We called our grandfather Pappy. Pappy served in WWII, in the Army. He left a wife and 2-year-old daughter (my mother) to serve in the war.
I grew up knowing he had served in the war and my brother and dad would gather around and look at “war” stuff and hear stories but I was shooed away to go play. Little girls weren’t supposed to hear about the war. I remember holding an empty grenade and seeing some photographs. And he was always soaking his feet because of the war. That was all I knew for a long time.
Once, when I was older and went to visit him in Texas with children of my own, I asked him about the war. He didn’t want to talk about it. He said, you don’t want to hear about it. So I didn’t press. But we did look at pictures of him when he was young and handsome in his uniform posed in front of the downed German planes they found in the fields, and the silly pictures they took with a cane and top hat they came across one day. But I know that was just a tiny light in a dark time of his life and history.
Many many years ago, my mom gave him a tape recorder and tapes and he told his stories of the war into them and I’ve listened to them several times over the years beginning when I was in high school. I thought about Pappy and his stories when we watched Band of Brothers especially the snowy cold scenes. He talked of how cold they always were. They could never have enough layers on. One story they were in the fox holes and snow was falling all night. They took turns making trips into the open fields to retrieve hay off the hay bales to put in their fox holes. The next morning they could see foot prints leading to the hay bales from both sides of the field. The enemy, too been gathering hay during the night.
He told of a scouting mission he was on and his feet fell into a frozen river but he was unable to get them out because the enemy was close at hand. He suffered his whole life with feet problems but he survived. Many did not.
He always spoke so highly of the American Red Cross and what they did for him while he was recovering. He remembered them giving him an orange when he was leaving.
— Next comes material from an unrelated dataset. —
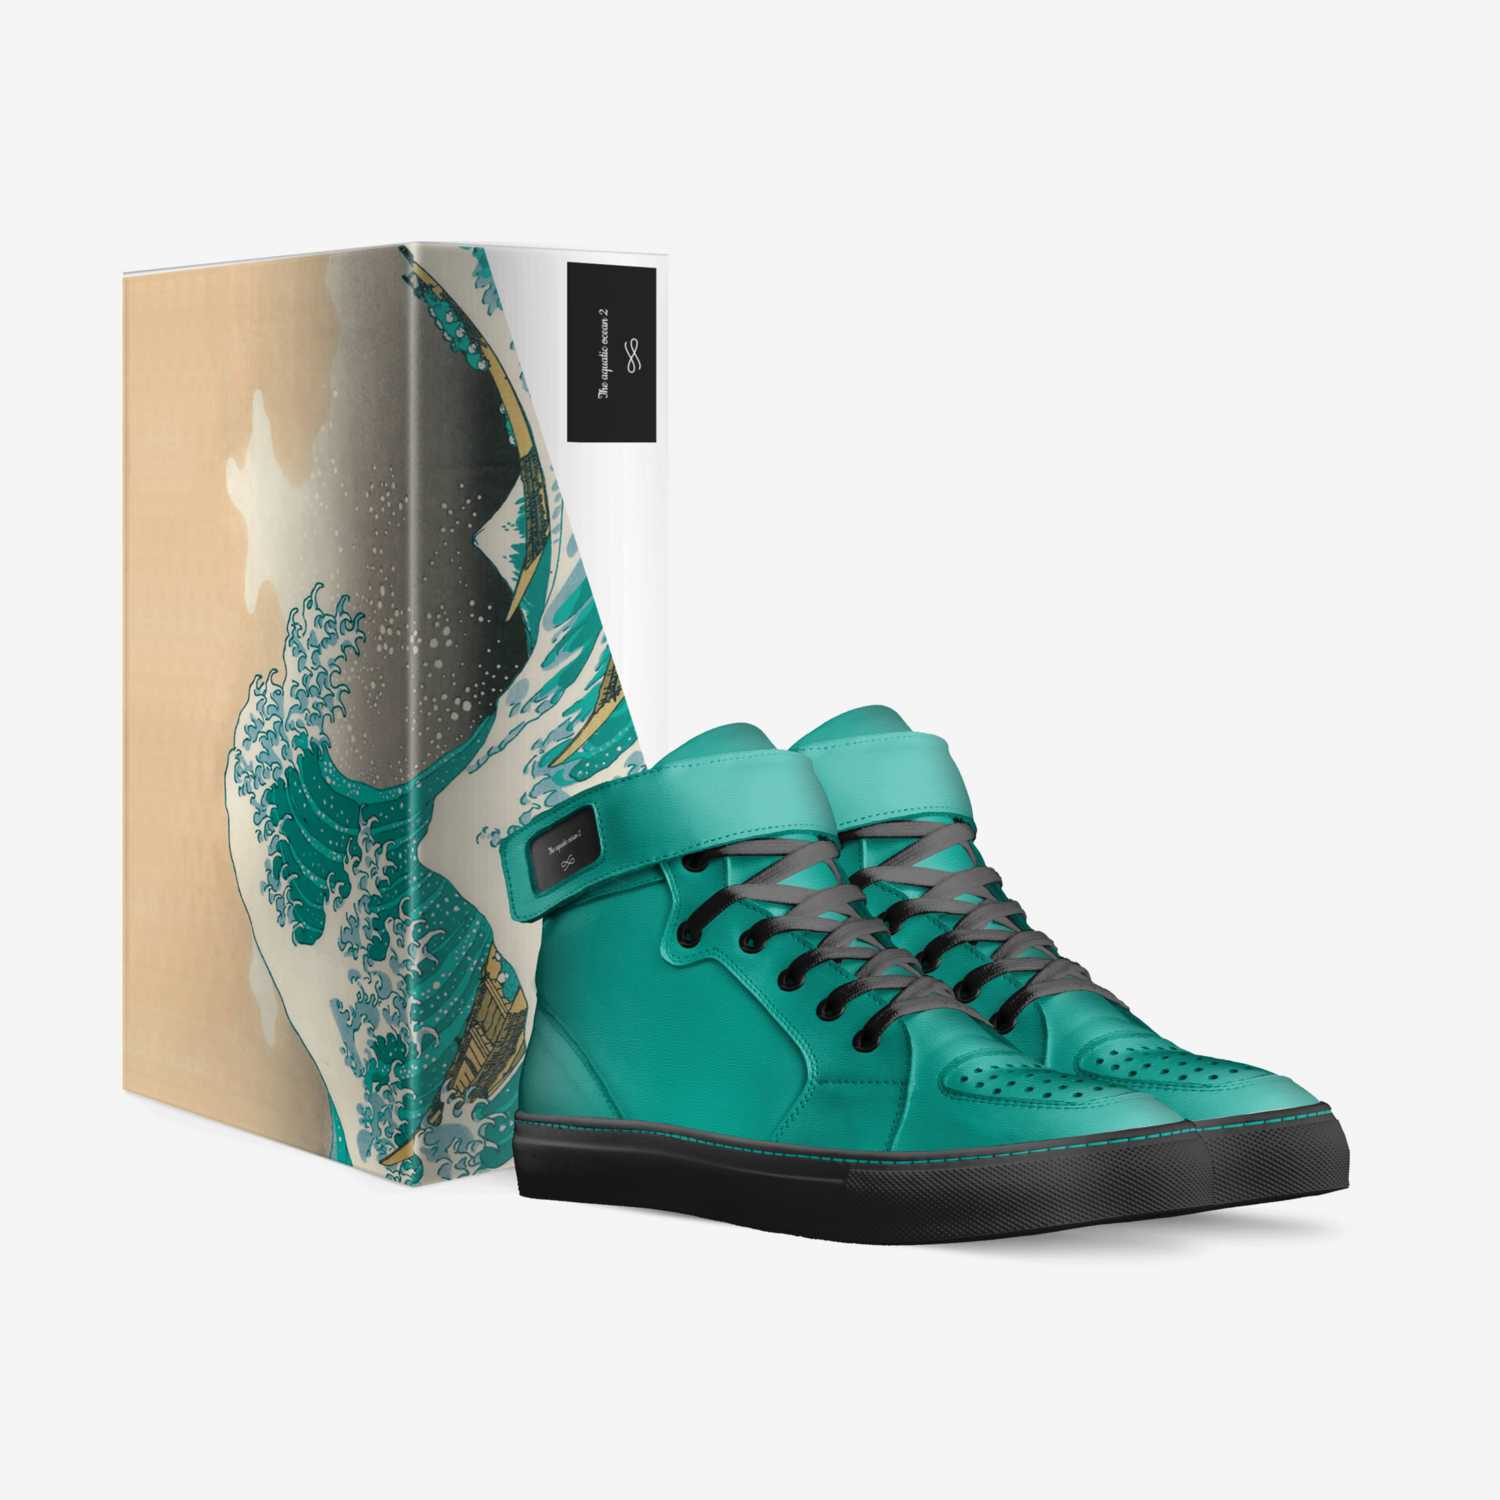 The aquatic ocean 2 custom made in Italy shoes by Colby Miller | Box view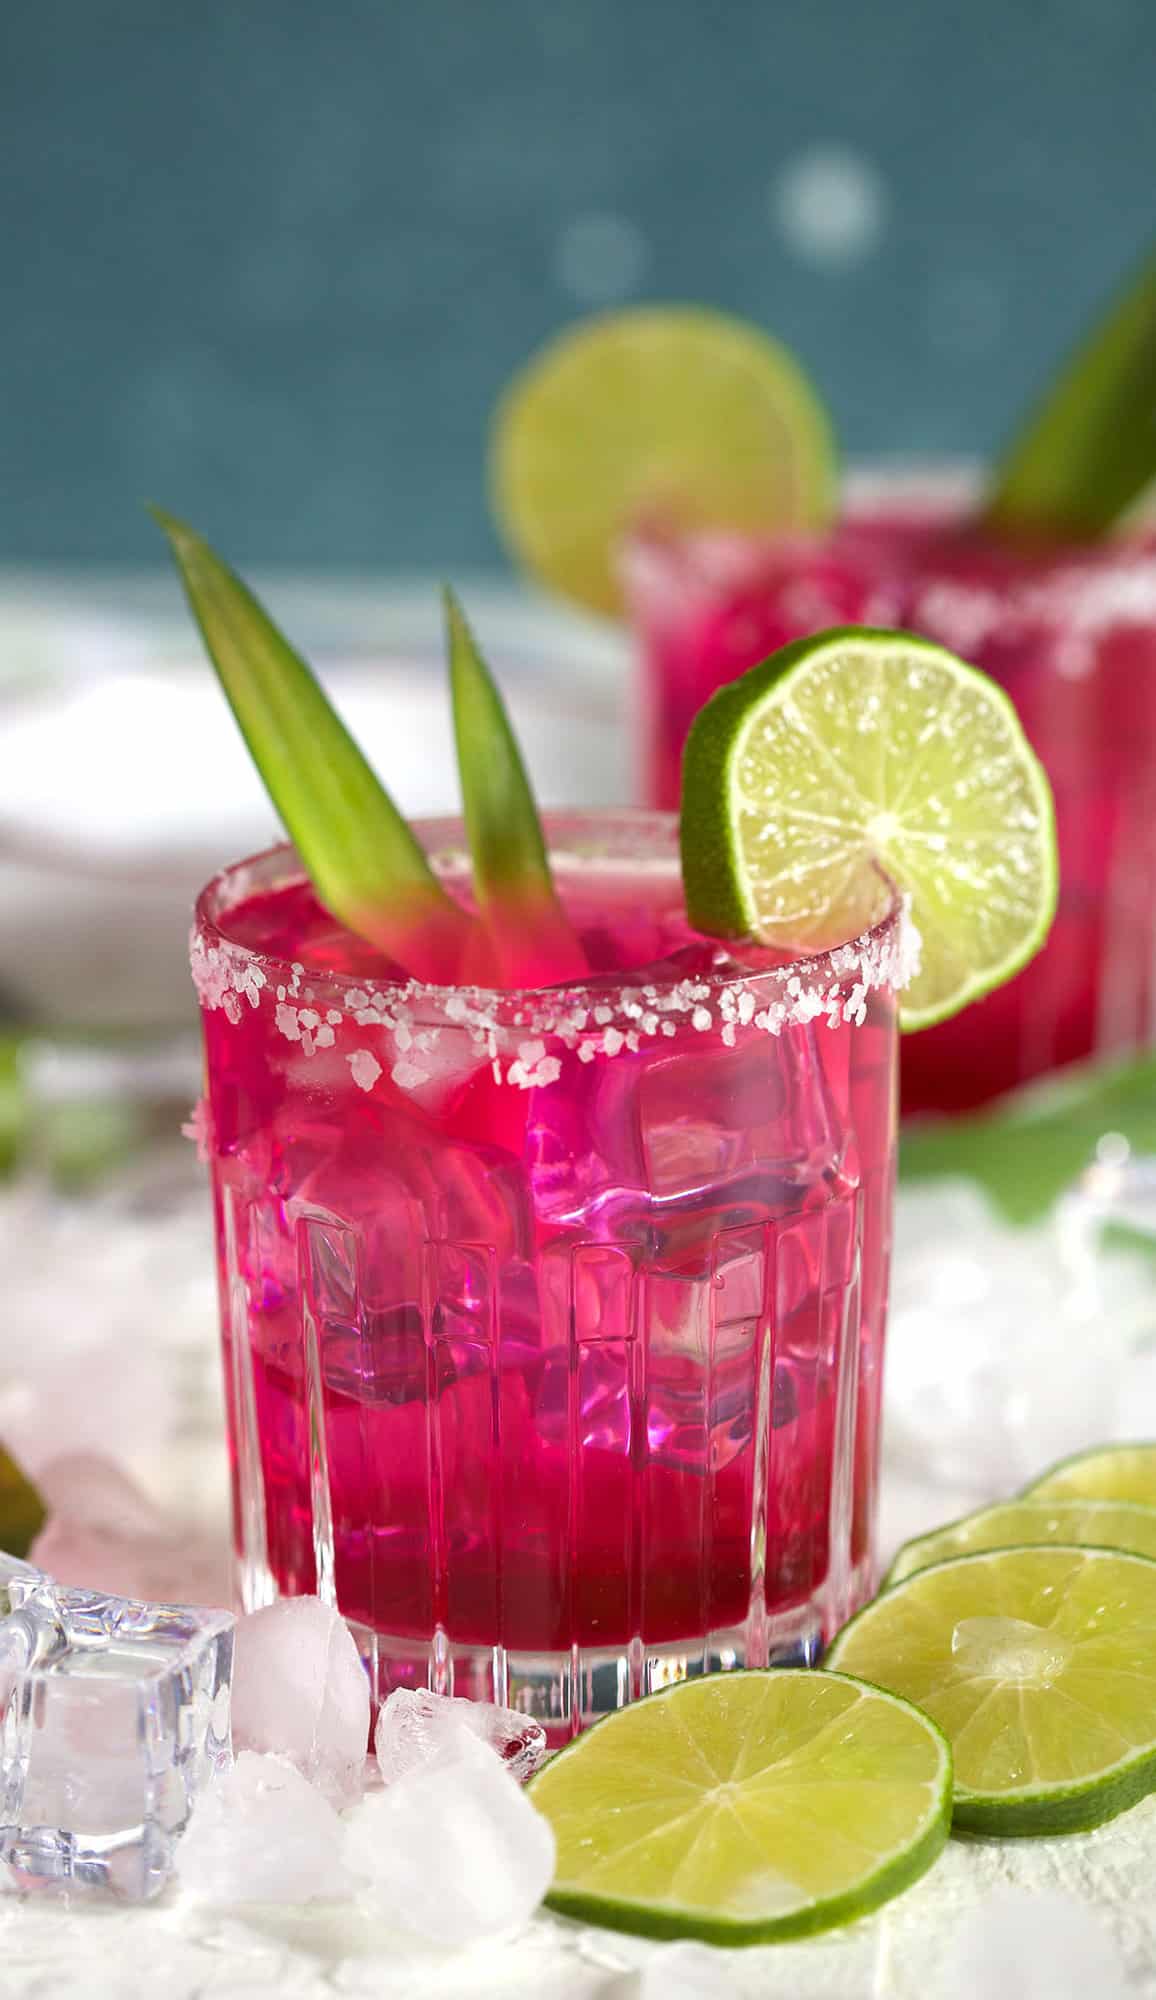 A glass filled with margarita is ready to be enjoyed on a white surface.

It’s the little things that leave a lifetime memory.
The stories drift off into a blank tape and we never learned what happened while some of the tape tell of the celebration that lasted all night long when they heard of the end of the war.
Pappy passed away a few years back. I am thankful that I was able to thank him for his service and that my boys were able to as well. They drew him pictures to decorate his room of the American Flag and words of honor and thanks.
His family had four boys and all of them are Veterans. Three in WWII and Wesley, the youngest in the Korean War. Wesley is still alive. I wrote him today and thanked him for his service. He sent me a picture of his house with American Flags lining his sidewalk to honor today. Their generation is the greatest generation. There is no doubt.
With appreciation, I thank all Veterans for their service, today especially.